Brown, an animator and filmmaker, hasn’t worked since mid-March. Despite seeing an initial bump in demand for animated advertisements after Hollywood shut down live-action productions, he said that jobs have dried up in recent weeks, and he’s had to find novel ways to fill his idle time indoors.

“I definitely knew that I wanted something that I could do that didn’t feel a lot like work,” Brown said. “I was just like, ‘I think I need something that will take a lot of time,’ and I wanted something that was completely nondigital.”

YouTube tutorials on harp-playing abound, and a local woman in his neighborhood was even offering classes on Zoom. But first he’d need the instrument. Daunted by even secondhand prices, Brown decided he would build the harp himself. On Etsy, he found the $159 Fireside Folk Harp kit, a 22-string instrument with a cardboard soundbox and many slow steps toward assembly.

“It just felt like an opportunity to see incremental progress,” said Brown, who documented the project on Instagram. “Putting layers of paint on a piece of wood. Literally watching paint dry: This is the perfect thing.”

Brown placed the order for his Fireside Folk Harp, which was shipped from Hamden, Connecticut, on March 23. It arrived a week later, and he completed the project April 16.

“It looks like I built it in 12 days. It’s not 12 hours, but I’m not Windmaster5000,” he said, referring to a faster harp-builder on YouTube.

While he’s not yet mastered “Clair de Lune,” Brown has already learned to play “Mary Had a Little Lamb,” to the delight of his 2-year-old nephew.

“Now the harp is finished, I’ve taken to staring at the Chrysler Building hoping to see the lights turn on,” he said. “It’s fun, but it’s not the same.”

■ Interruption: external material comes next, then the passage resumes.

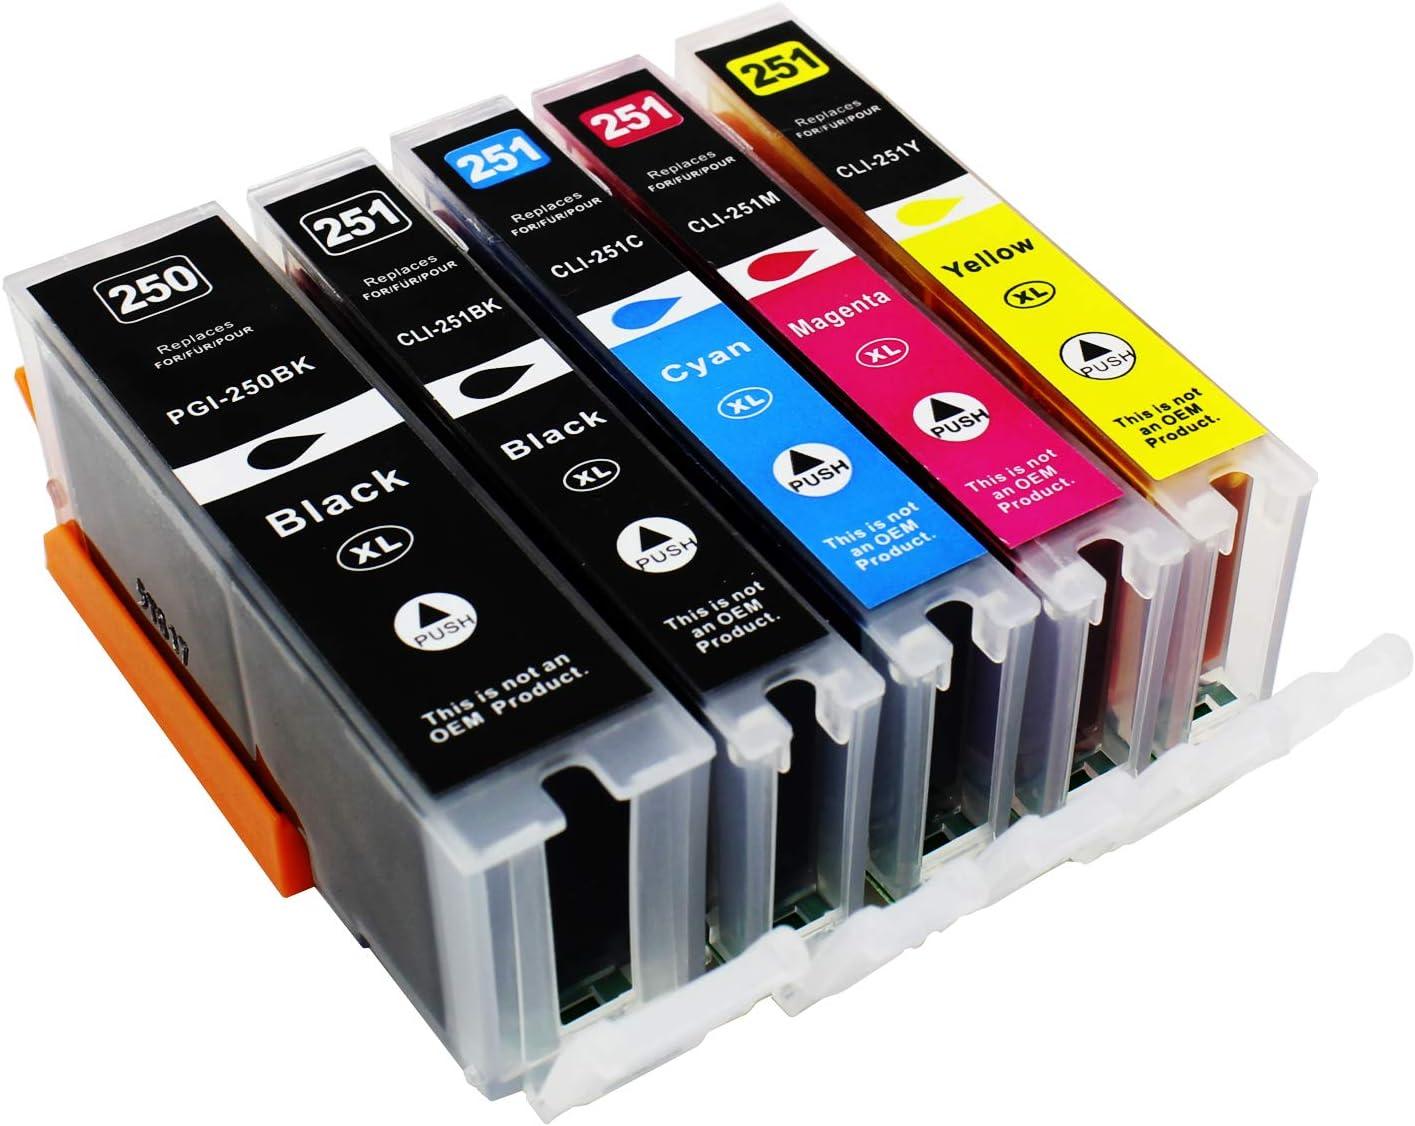 5 Pack PGI-250 & CLI251 compatible ink cartridge replacement For Cannon PIXMA MG5420, PIXMA MG5450, PIXMA MG6320, PIXMA MG6350, PIXMA MX722, PIXMA MX922, PIXMA iP7220, PIXMA iP7250 Printers (LB/SB/C/M/Y) @INKTONER

Erika Urso-Deutsch, 34, is a Catholic school art teacher and private chef in Easton, Pennsylvania. While she has adapted to distance learning, teaching her kindergarten through eighth-grade students online via Zoom, Urso-Deutsch has found time to pursue a project she had put off until the pandemic forced schools to close: natural dyeing.

She was making herself a cup of “golden milk” — a beverage combining milk (or nondairy milk) with turmeric, cinnamon and other spices — when she got the idea.

“My hands were stained so yellow when I was done, so then I was like, ‘Wait a minute, if this is staining my hands, this is what I’m going to use to dye eggs,’ ” said Urso-Deutsch, who began with a batch of hard-boiled eggs for Easter.

From there, she decided to expand the project, creating batches of natural dyes with the turmeric powder, which creates a bright golden dye; paprika powder, for red dye; and dried hibiscus flowers, for magenta dye.

“It is something I’ve wanted to try for probably 10 years, and I never had the time,” Urso-Deutsch said. “Most of our dyes used to be botanically based — made from fruits, flowers, roots and such. So it’s really a return to a lost art.”

Urso-Deutsch’s Easter eggs were a success, and so she was inspired to advance to a more ambitious project of dyeing old textiles, including a set of stained linen napkins passed down through her family. The napkins were given a new life after soaking in batches of boiled purple cabbage water, creating a violet-blue color, as well as the turmeric and a batch of rust-colored dye made from red onion skins.

From there, she dyed lace curtains and doilies, a knitted dress, a crocheted vest, an old apron and yarn for knitting, all in a rainbow of pinks and purples and goldenrod.

“I know that when this ends, I’m going to feel good about the way I’ve used my time,” she said. “We can only control what we can control, and right now that’s our own selves.”